DeclarationRequired shapeExamples
let, fn, parameters, fields, aliases, for-loop vars, match bindingsstarts with a lowercase letter or _let x, fn double(n), for i in …
constALL_CAPS (+ digits / _)const PI = 3.14, const MAX_SIZE = 100
struct, enum, variant namesstarts with an uppercase letterstruct Point, enum Shape { Circle, Rect }

Single-letter types like enum Dir { N, E, S, W } are fine — the rule is “starts with an uppercase letter”, not “must have a lowercase character somewhere.”

A leading underscore (_foo, _Internal, _DEBUG) marks a name as “private by convention” — glob use imports skip them.
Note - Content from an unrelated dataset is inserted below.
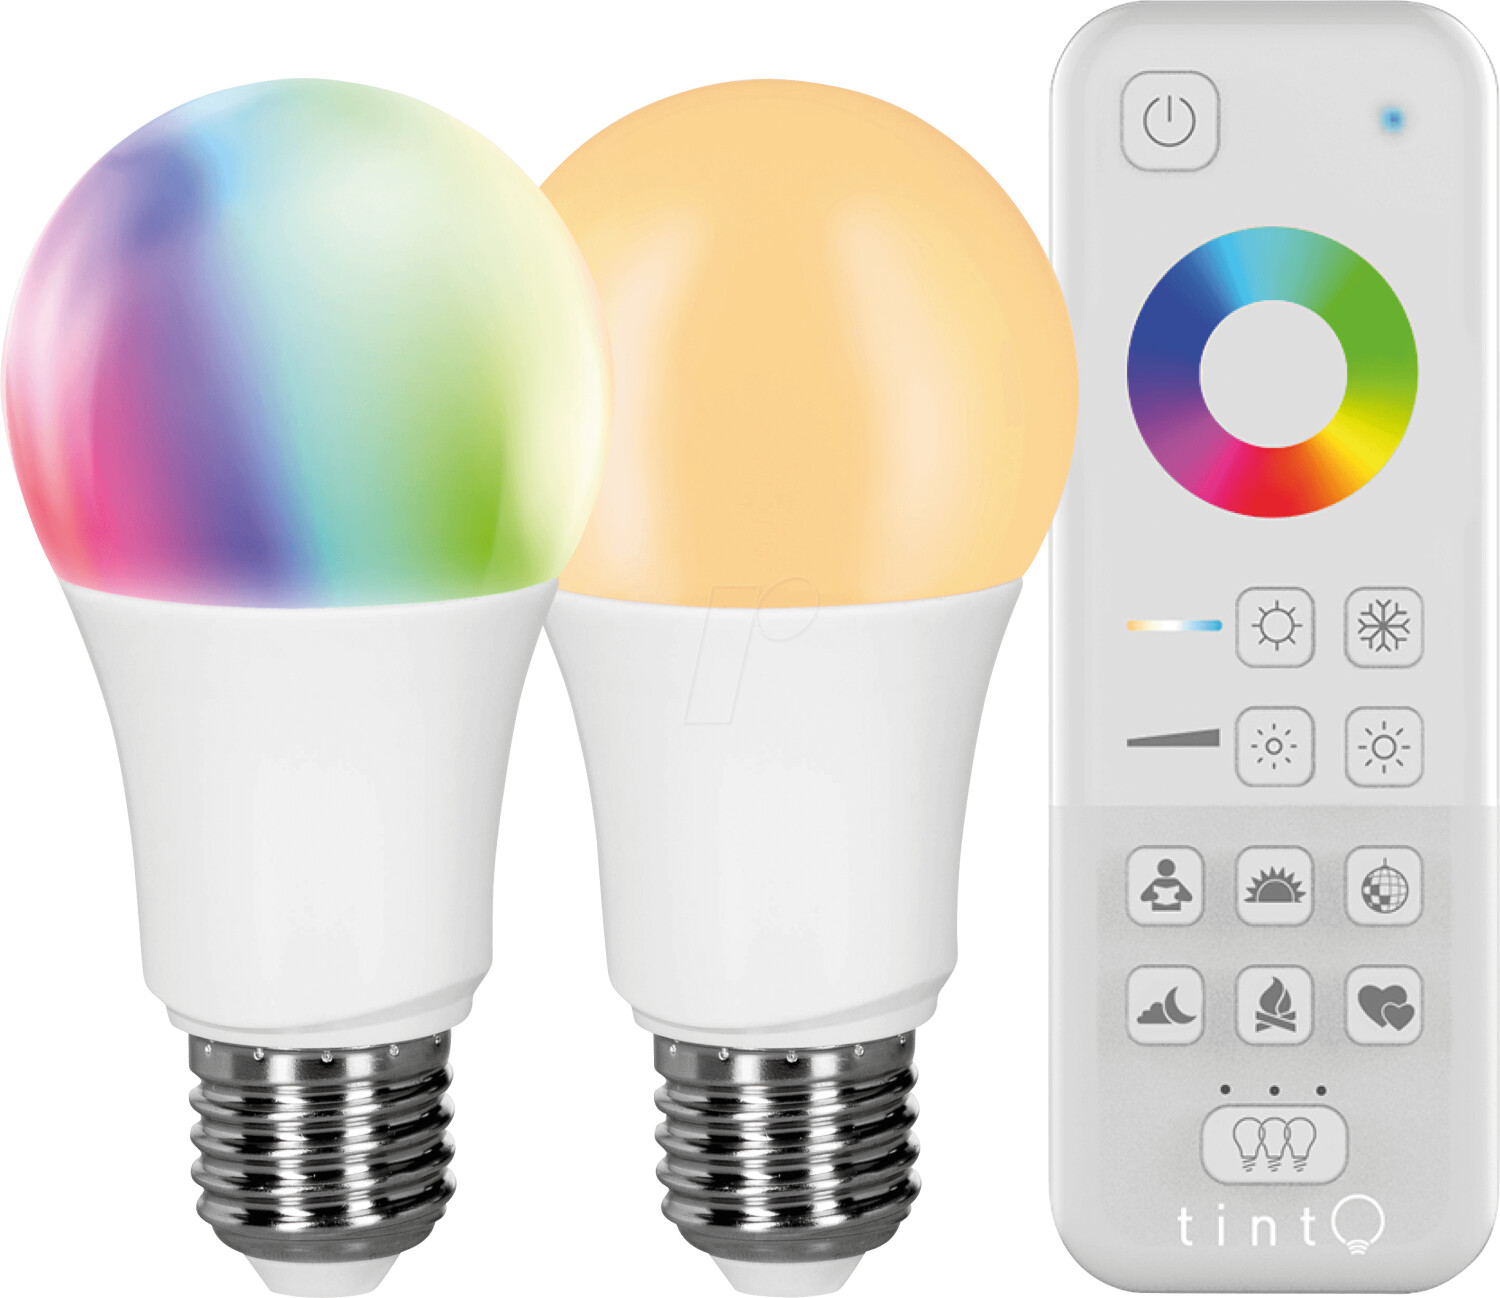 Müller-Licht tint LED white+color E27 Starter Set (404013)
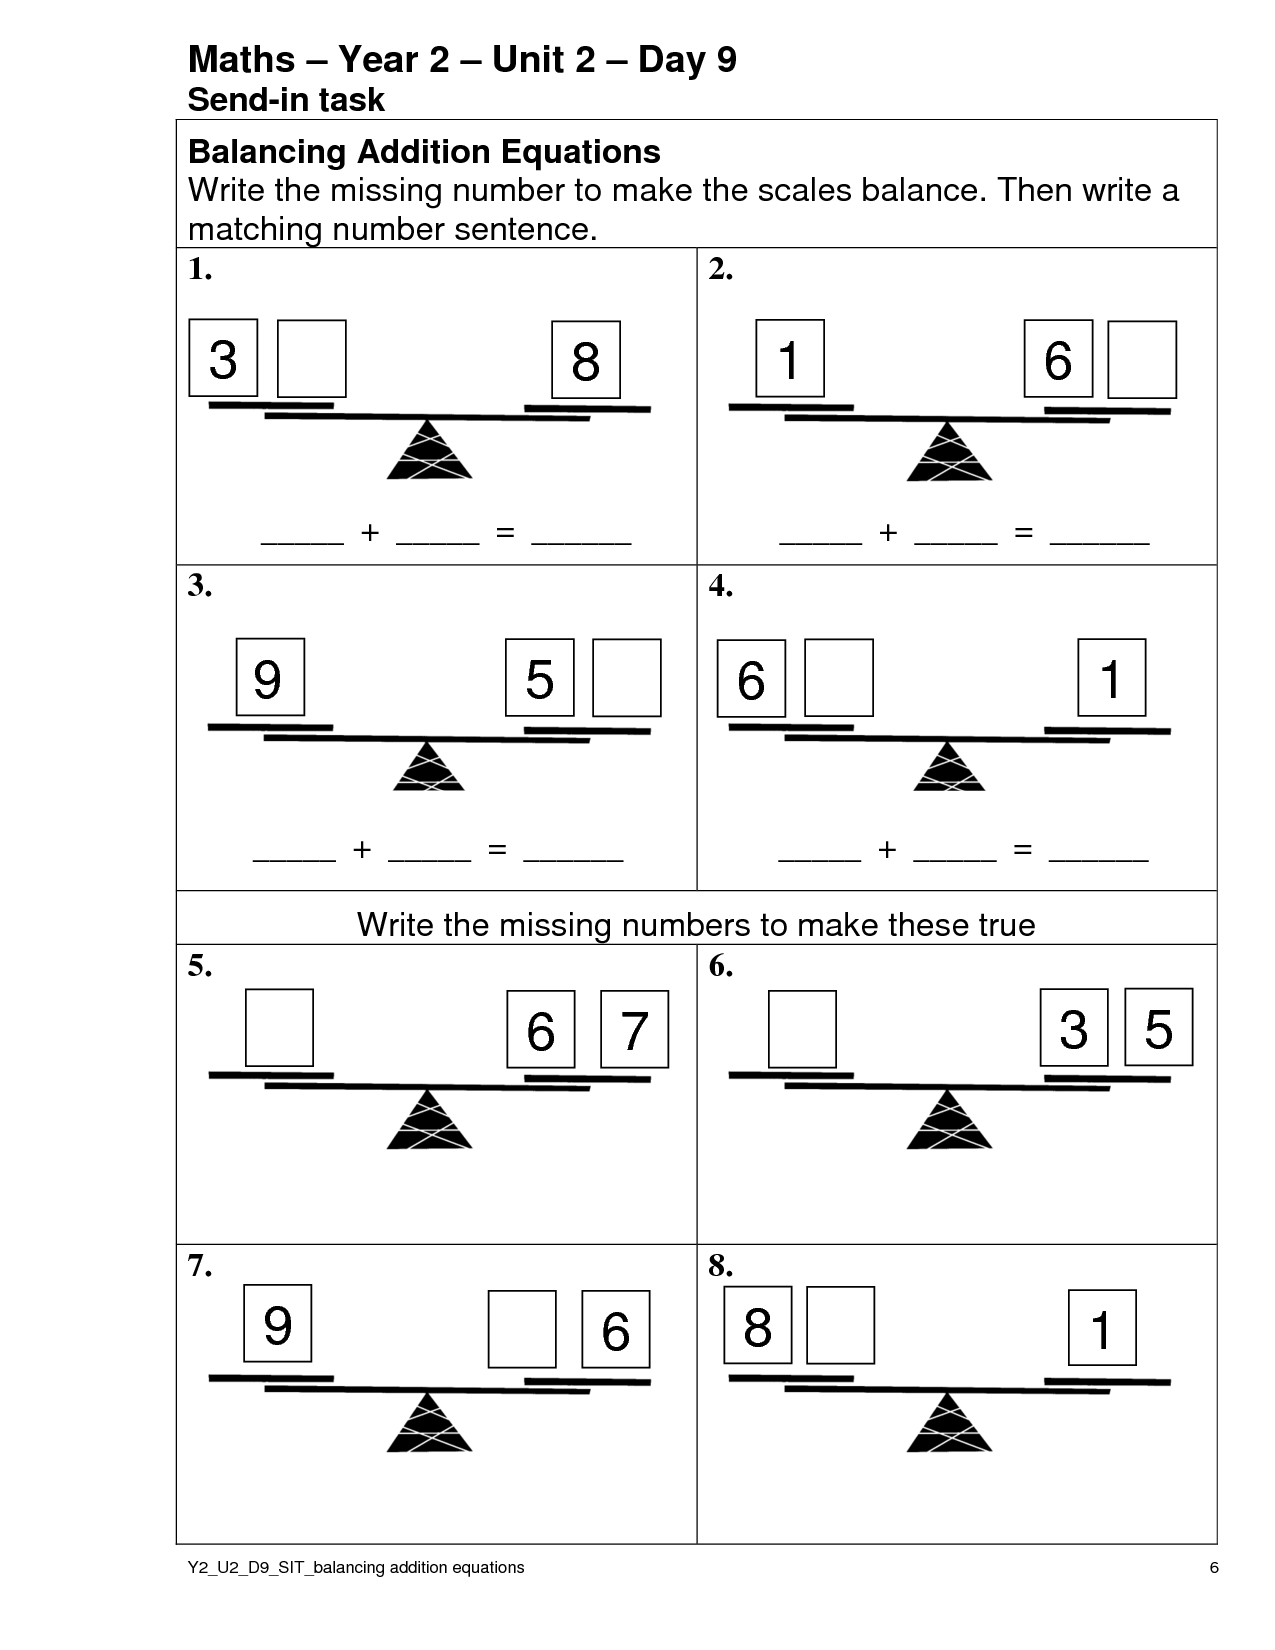 Balancing Number Sentences Worksheet Image

The wildcard _ on its own is used in let _ = foo() (explicitly ignore) and in patterns (match anything).

Whitespace

Spaces and tabs are insignificant — use whatever indentation style you like. Only newlines matter (they end statements).

Keywords

These words are reserved and can’t be used as identifiers:

let const fn return
if else while for in repeat break continue
use as struct enum match try
true false none

There are no word-spelled logical operators — use &&, ||, ! rather than and, or, not.